Problem to work on =
Below are the records; copy exactly the stretch from the line containing "A brass, metal" through the line containing "There is no", both ends included, and nothing else.

Supplied records =
^^^^

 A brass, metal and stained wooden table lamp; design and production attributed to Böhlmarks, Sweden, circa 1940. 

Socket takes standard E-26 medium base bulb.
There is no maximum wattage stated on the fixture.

^^^^

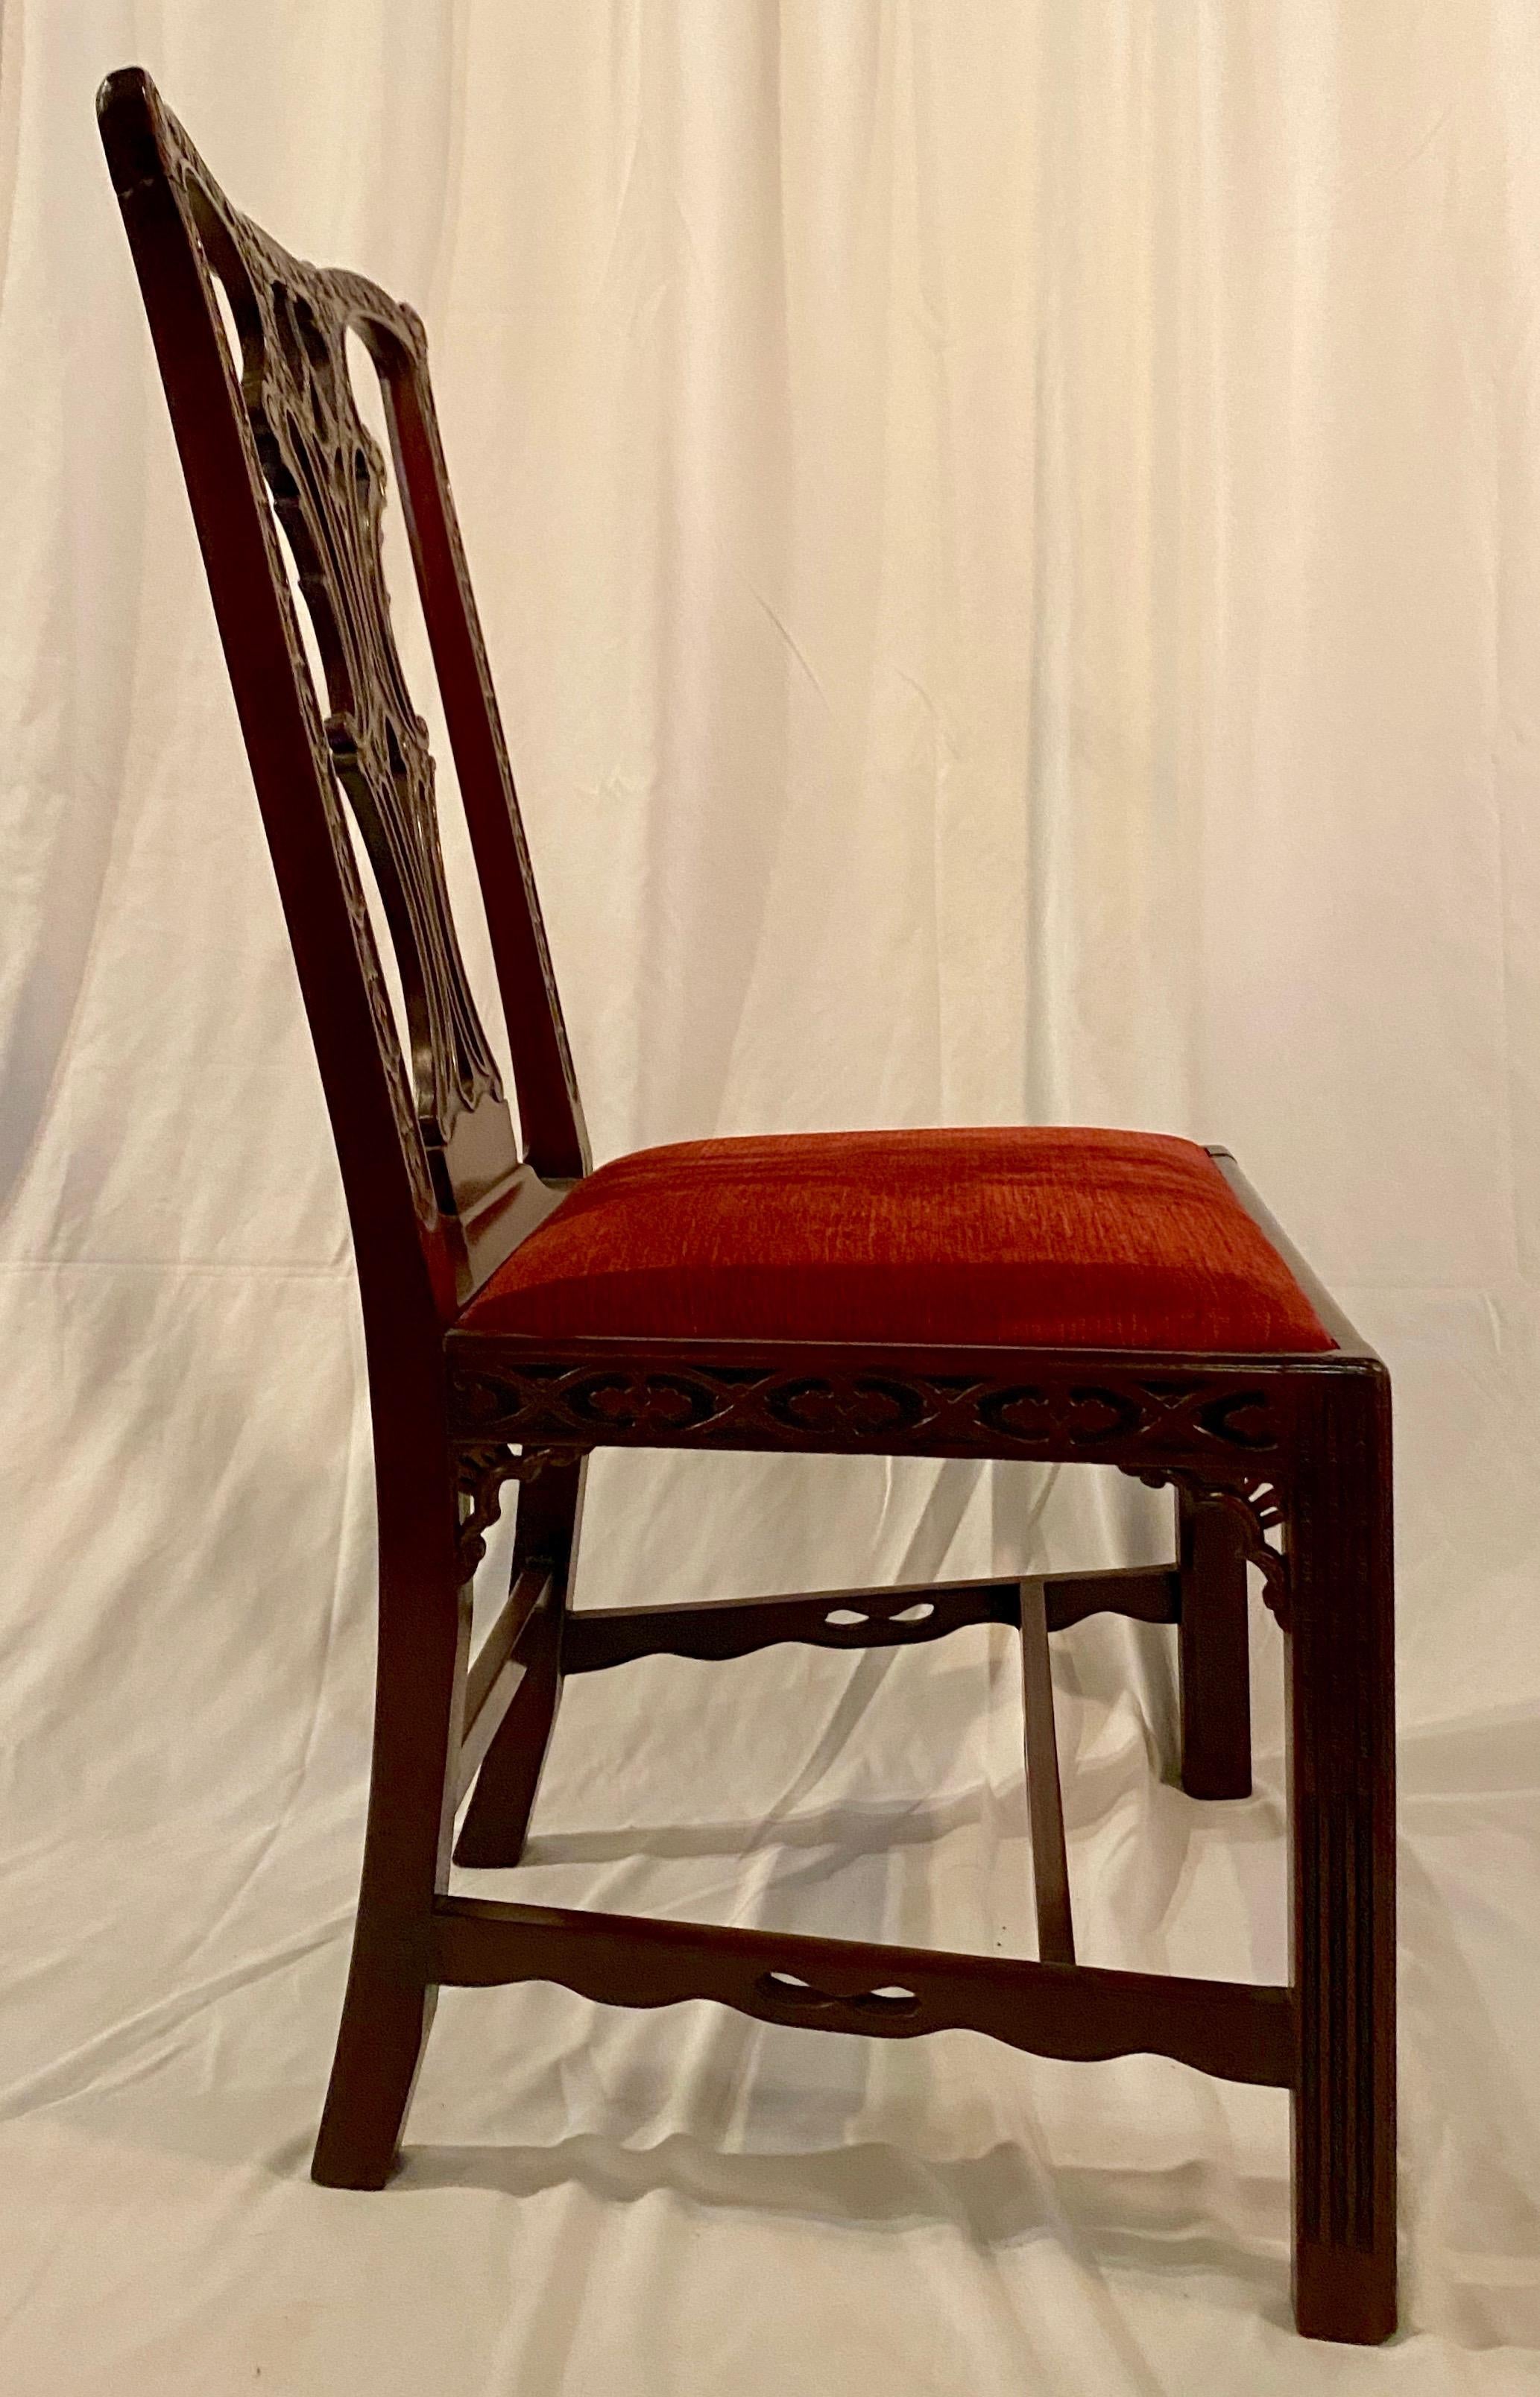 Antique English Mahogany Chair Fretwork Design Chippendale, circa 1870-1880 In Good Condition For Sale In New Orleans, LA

^^^^

Result of this task =
 A brass, metal and stained wooden table lamp; design and production attributed to Böhlmarks, Sweden, circa 1940. 

Socket takes standard E-26 medium base bulb.
There is no maximum wattage stated on the fixture.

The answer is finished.